Norfolk County Cricket Club

Personnel
- Captain: Sam Arthurton

Team information
- Founded: 1876
- Home ground: Barker's Lane, Sprowston

History
- Minor Counties wins: 5 (including 2 shared)
- MCCA Trophy wins: 6
- NC Twenty20 wins: 1
- Official website: Norfolk CCC

= Norfolk County Cricket Club =

English cricket club

Norfolk County Cricket Club is one of twenty National County Cricket Clubs within the domestic cricket structure of England and Wales. It represents the historic county of Norfolk.

The club is a member of the National Counties Championship Eastern Division and plays in the NCCA Championship, the NCCA Knockout Trophy and, since 2018, in the NCCA Twenty20 competition. Norfolk took part in limited overs competitions which included first-class counties between 1965 and 2004. The club's main home venue is Barker's Lane in Sprowston, on the northern edge of Norwich, although it has used other locations throughout the county.

==History==
The earliest reference to cricket in Norfolk is from 1745, although the game was known in the county before that date. FS Ashley-Cooper, writing in 1910 recounted a "tradition" of a club playing at Swaffham as early as 1700, and games played in London and South-East England featured in press reports in the Norwich press during the 1720s and 30s.

===Early county teams===

The first matches played by Norfolk were against Suffolk at Bury St Edmunds, Diss and Scole in 1764. An 1820 match at Lord's against MCC is considered to have first-class status, although the Norfolk team was weak and made up primarily of players from Holt Cricket Club.

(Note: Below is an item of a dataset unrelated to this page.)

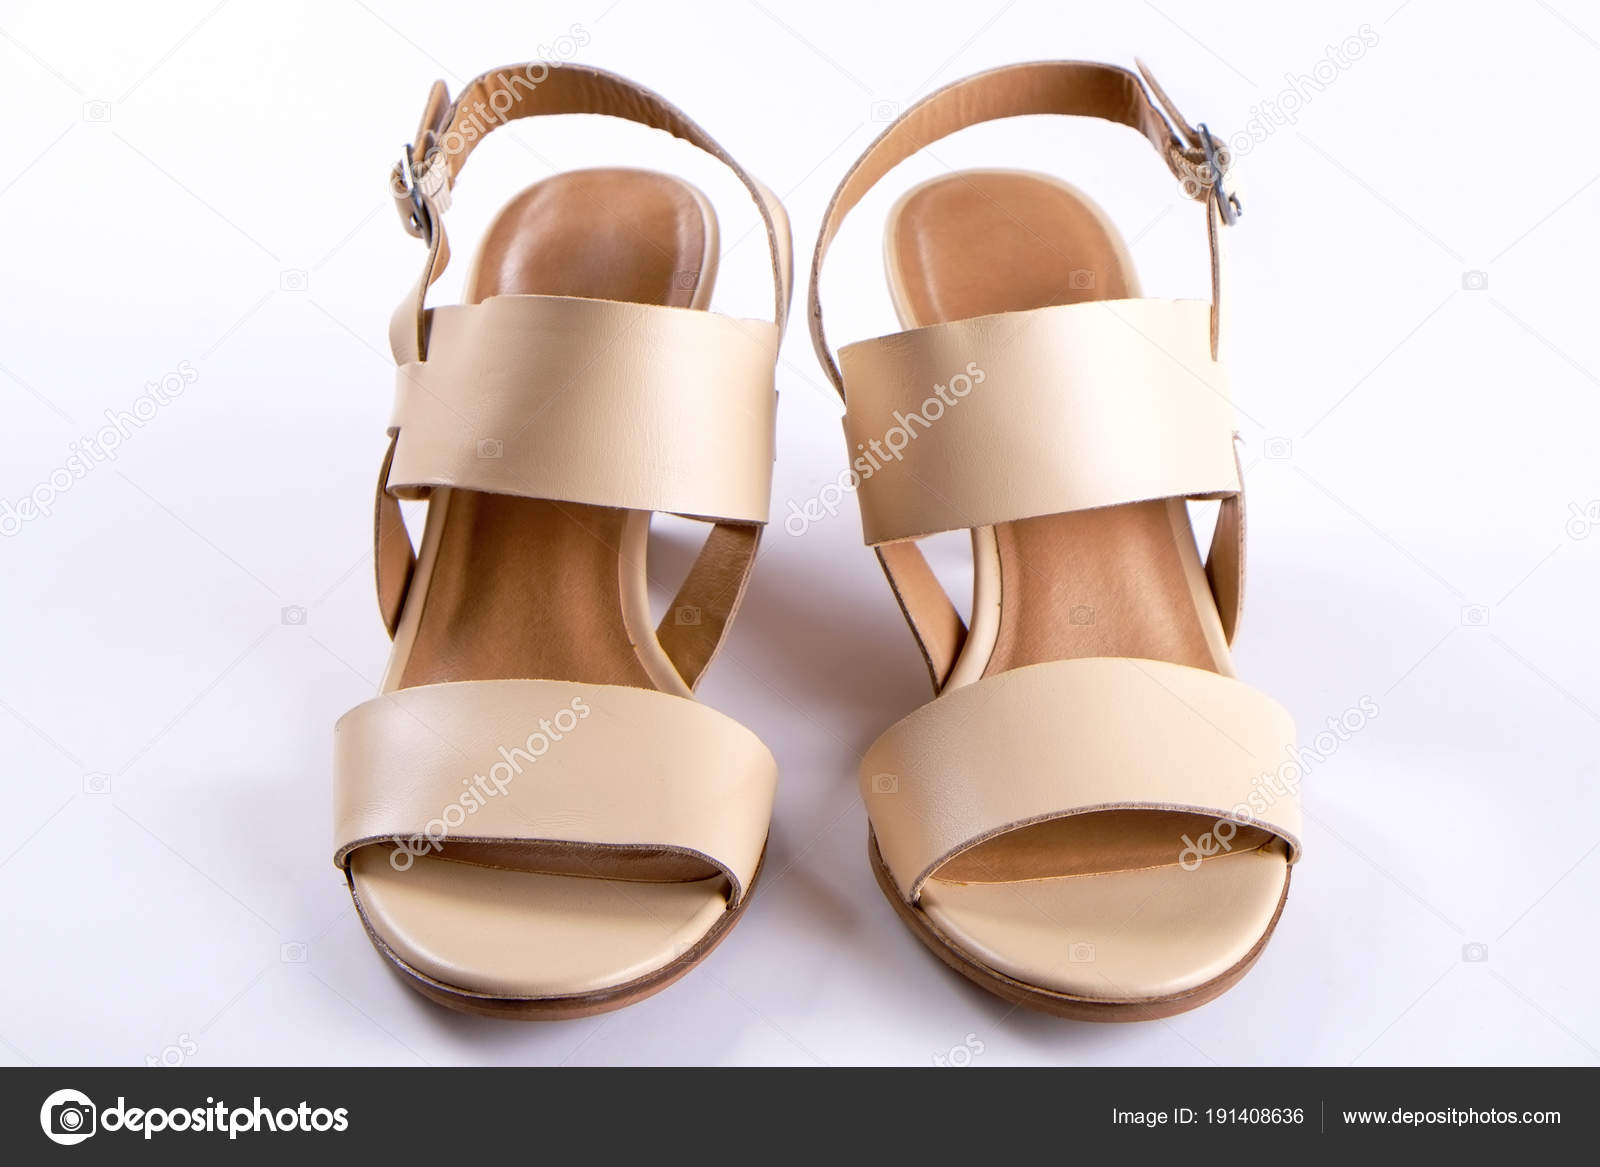 86fb525e507 Κάτοψη της μόδας θηλυκό μεσαίου ψηλοτάκουνα δερμάτινα παπούτσια των ...

The first Norfolk County Club was organised in 1827 by Lord Suffield and by 1831 the Norfolk County Club was considered one of the strongest clubs in the country by The Sporting Magazine. Five matches played between 1833 and 1836 against Yorkshire teams have been given first-class status, although the matches were played by professional cricketers rather than the amateurs who made up Suffield's County Club.

The County Club had largely ceased to operate by 1848, although it was "revived" in 1862 for a time, and matches continued to be played by teams using the name Norfolk.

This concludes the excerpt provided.